Она взялась за следующую фотографию:
– А, вот как раз! Степа со своим дружком, про которого я вам говорила.
Якимцев встрепенулся. На фотографии у тех же самых скал стояли, положив руки друг другу на плечи, два крепких хлопца в плавках.
– Вот мой Степа, – продолжала Лидия Васильевна, – видите, высокий...
Ну вот, наконец-то они могут увидеть, как он выглядит, человек, отобравший пистолет у охранника Соколова.
– А вот этот, – продолжала Лидия Васильевна, – это Юрка, про которого я вам говорила. Тоже, между прочим, совсем недавно погиб, как раз перед Новым годом...
Если их предположения верны, подумал Якимцев, это как раз и есть киллер. Он вспомнил ориентировки, разосланные после покушения на Топуридзе, – определенно этот Юрка похож на образину с фоторобота, хотя, конечно, это не факт. И тут Якимцев почувствовал, что Сидорчук пихает его в бок: обрати, мол, внимание. Не поворачиваясь к нему, Якимцев бросил сквозь зубы: «Вижу, вижу», стараясь в то же время не упустить ни слова из того, что рассказывала хозяйка, достававшая еще одну фотографию.
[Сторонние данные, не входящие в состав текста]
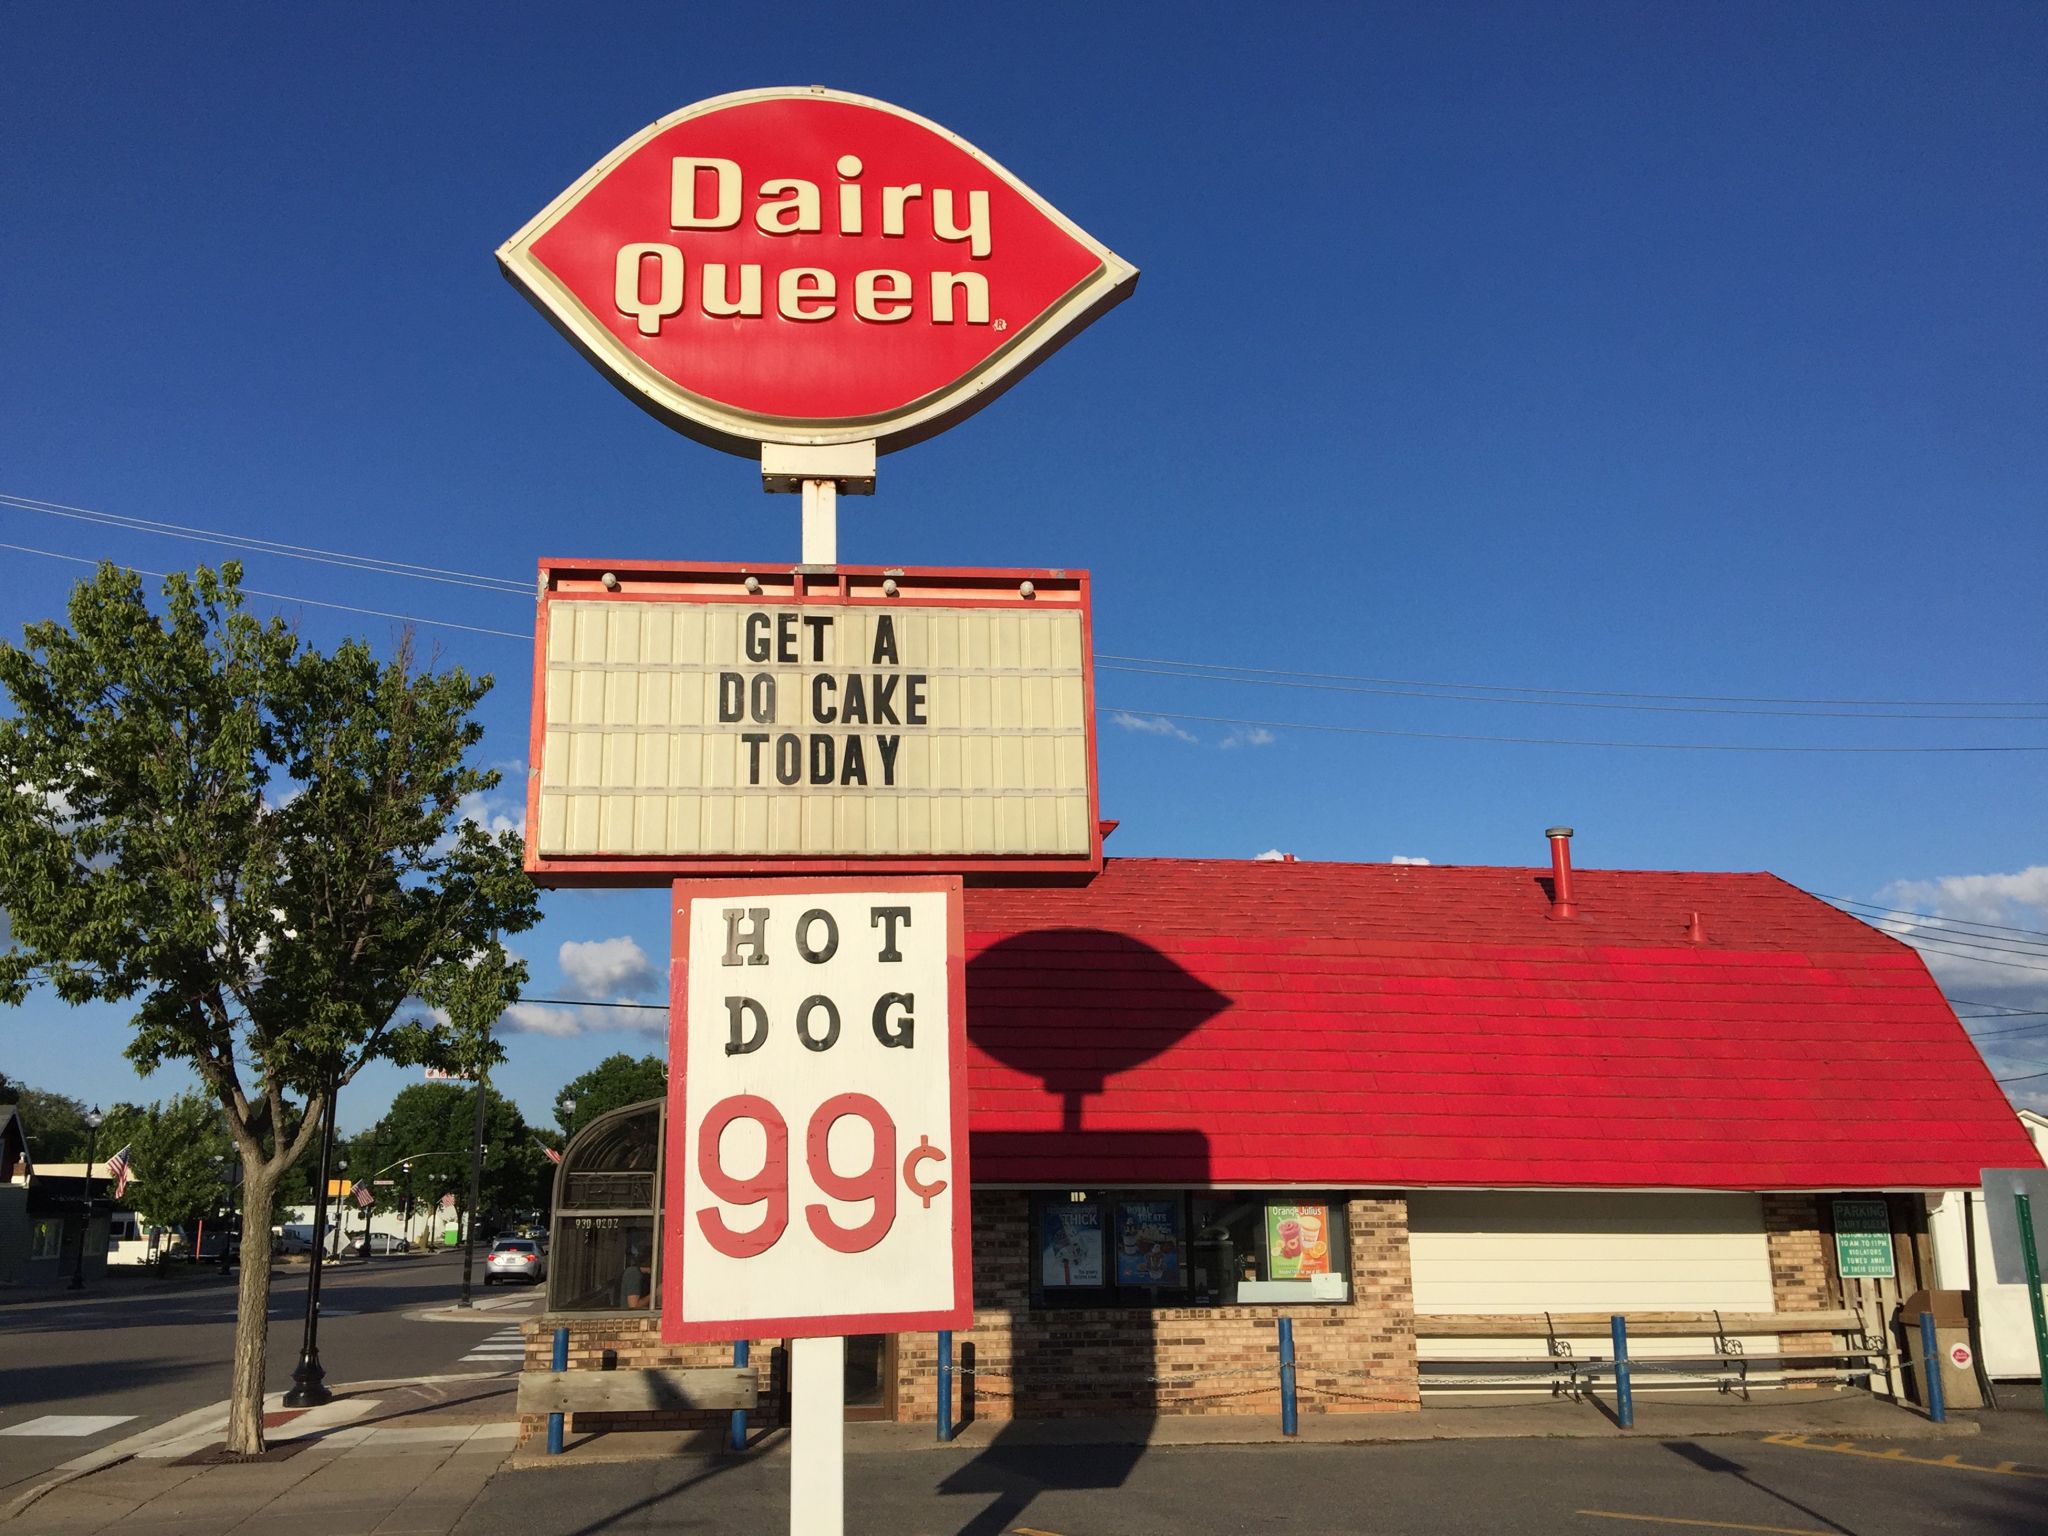 things-you-probably-didn-t-know-about-dairy-queen-texas-favorite-roadside-treat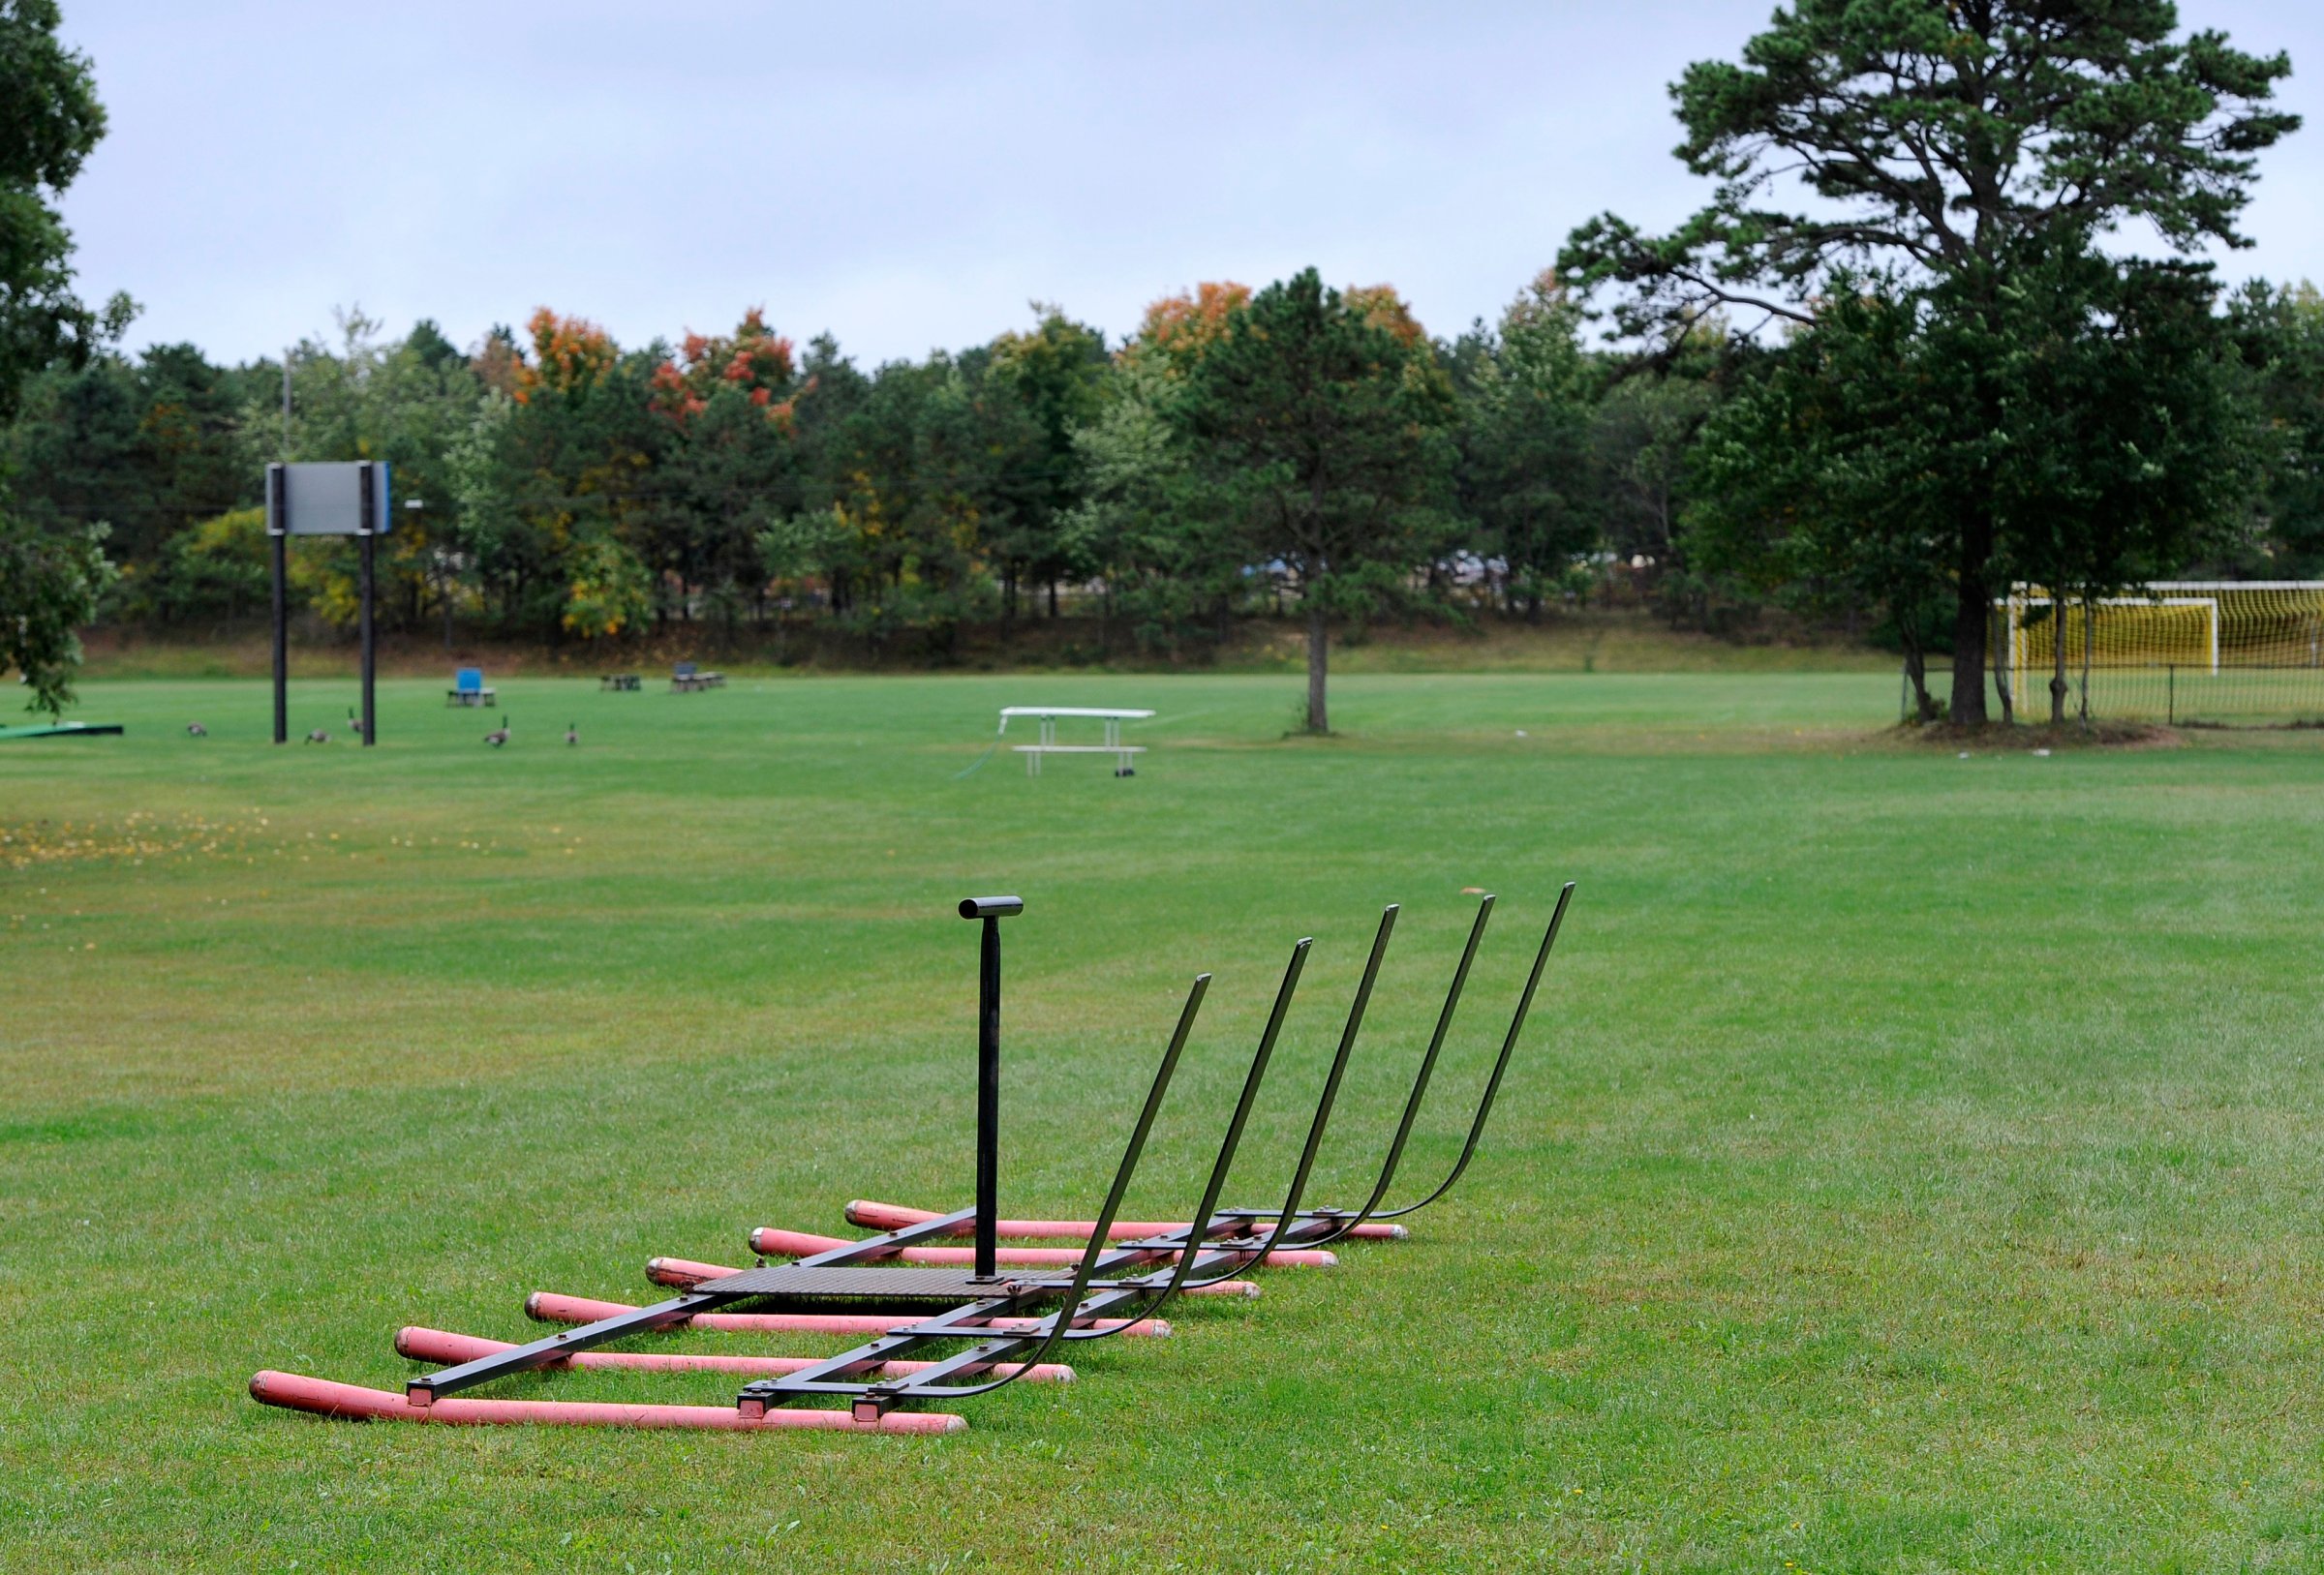 Equipment sits on a football practice field near the main entrance for Shoreham-Wading River High School on Oct. 2, 2014, in Shoreham, N.Y.

– А вот здесь есть и Глеб Аверьянович. Вот он. – Она показала на человека в центре большой группы военных в непривычной тропической униформе. – Это, по-моему, на Кубе. Такой жучила был! Втравит ребят во что-нибудь, те долго потом расхлебываются, а с этого все как с гуся вода! Главное – как бы все время вместе служили, только мой вот дальше прапорщиков так и не пошел, а этот уже лет десять как подполковник... Правда, Степа с Юркой – они просто десантура, а Глеб Аверьянович-то еще в молодости спецучилище какое-то закончил, на разведчика, что ли, учился... – Они, ребята, его еще грушником звали. Я у них спрашиваю: это почему ж так? Что, груши, что ли, околачивает? Они смеются: ты хоть знаешь, что такое ГРУ? Это Главное разведывательное управление Генштаба! А раз человек там служил, – значит, грушник и есть.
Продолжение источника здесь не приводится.